Your instructions
Return the following data exactly, with all pictures left out.

Data block
════════

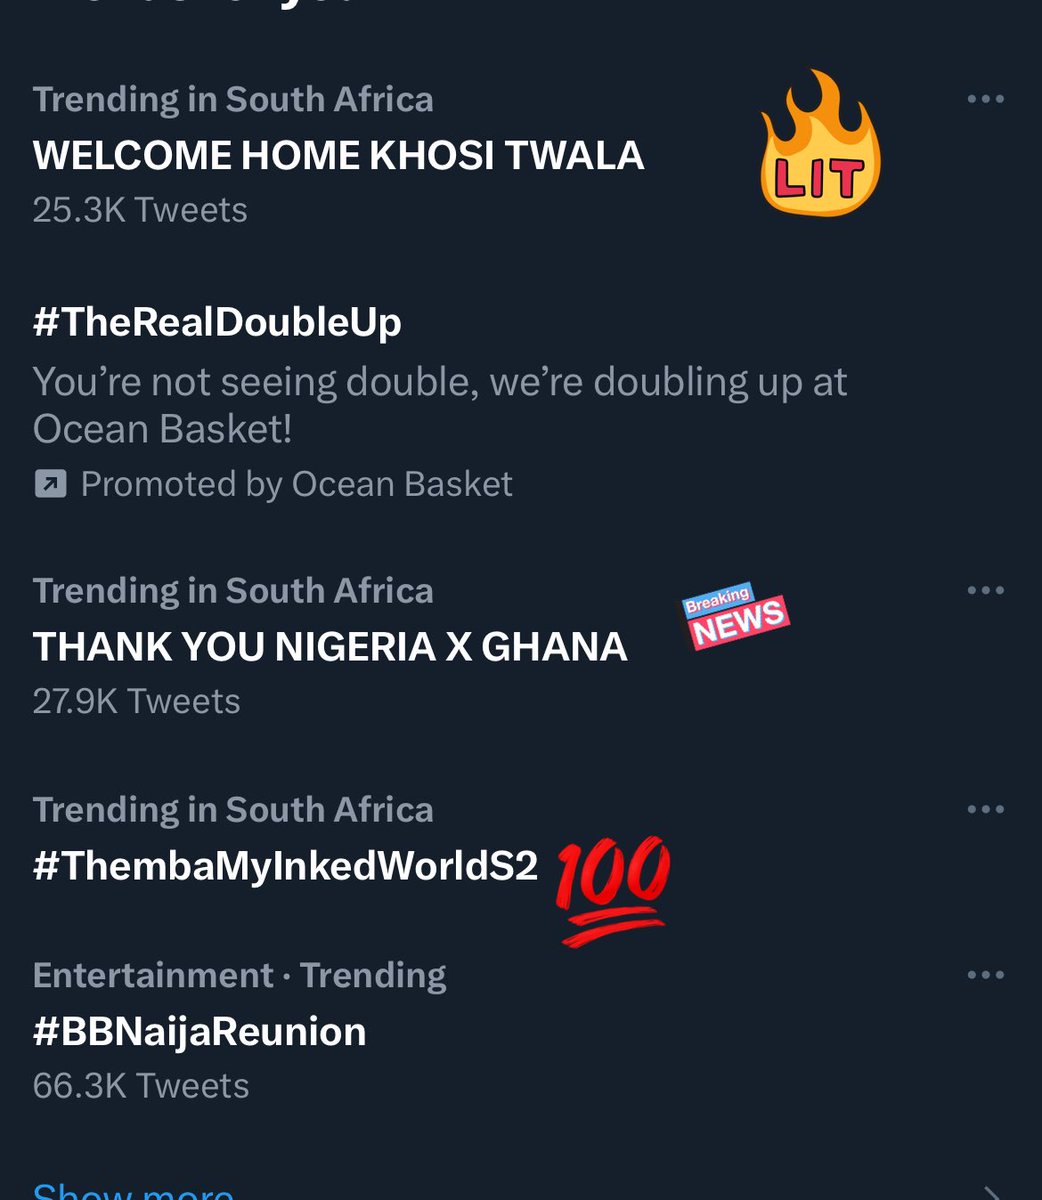 #ThembaMyInkedWorldS2

THANK YOU NIGERIA X GHANA
WELCOME HOME KHOSI TWALA
#KhosiTwala

════════

Answer to this exercise
 #ThembaMyInkedWorldS2

THANK YOU NIGERIA X GHANA
WELCOME HOME KHOSI TWALA
#KhosiTwala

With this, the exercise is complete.